Abstract

Background. Adulterants in Chinese medicines had always affected the efficacy of Chinese medicines and resulted in safety problems in drug use. We aimed to take the identification of fake velvet antlers as an example for establishment of a rapid and accurate identification platform for modern pharmaceutical companies and markets of Chinese medicine. Methods. In this study, we developed a novel electronic nose and DNA identification platform for identifying fake velvet antlers. Electronic nose was designed for rapid screening, while accurate identification based on DNA method was performed when electronic nose fails to accurately identify some complex samples. Results. Rapid identification of different velvet antlers based on electronic nose showed the good identification power, while accurate identification based on DNA sequencing technology demonstrated a correct identification rate of 100%. We also mined thirty conserved specific sites of fake velvet antlers, which was useful for further work. Conclusions. The results suggested that electronic nose and DNA identification platform was effective for rapid and accurate identification of fake velvet antlers. It highly improved efficiency and decreased cost of identification and could provide a new sight and inspiration for identification in the field of traditional Chinese medicine (TCM).

1. Introduction

Adulterants in Chinese medicines had always affected the efficacy of Chinese medicines and resulted in safety problems in drug use. However, modern pharmaceutical companies and markets of Chinese medicine do not have a suitable platform for rapid and accurate identification of adulterants. Velvet antler (Lu-Rong in China), for instance, the nonossific horn of Cervus nippon or Cervus elaphus, is a precious animal-sourced Chinese medicine in China. Pharmacological studies had proven its functions of anti-bone resorption [1], antiarthritis [2], and promoting chondrocyte proliferation [3]. Unfortunately, official velvet antlers are always replaced by the fake velvet antler of Rangifer tarandus due to high profit in Chinese market [46]. It is, therefore, necessary to develop a rapid and accurate identification platform for identification of adulterants.

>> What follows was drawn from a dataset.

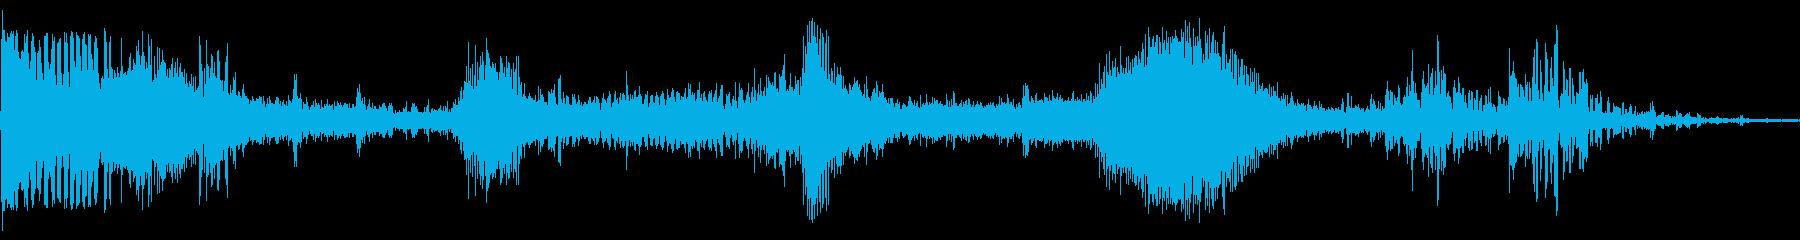 フォードTバードスタート、アイドル...の再生済みの波形

DNA sequencing technology which can mirror abundant DNA information is good candidate for accurate identification of adulterants [410]. DNA sequences can be directly determined by fluorescence sensors of DNA sequencer. However, it is also always of low efficiency and high cost. Electronic nose is an intelligent design of simulating human’s olfactory system. Its array of metal oxide sensors interacting with a broad range of chemicals with varying intensities is used to rapidly describe the substances of odors. Compared with conventional DNA identification, electronic nose has high efficiency and low cost for identification.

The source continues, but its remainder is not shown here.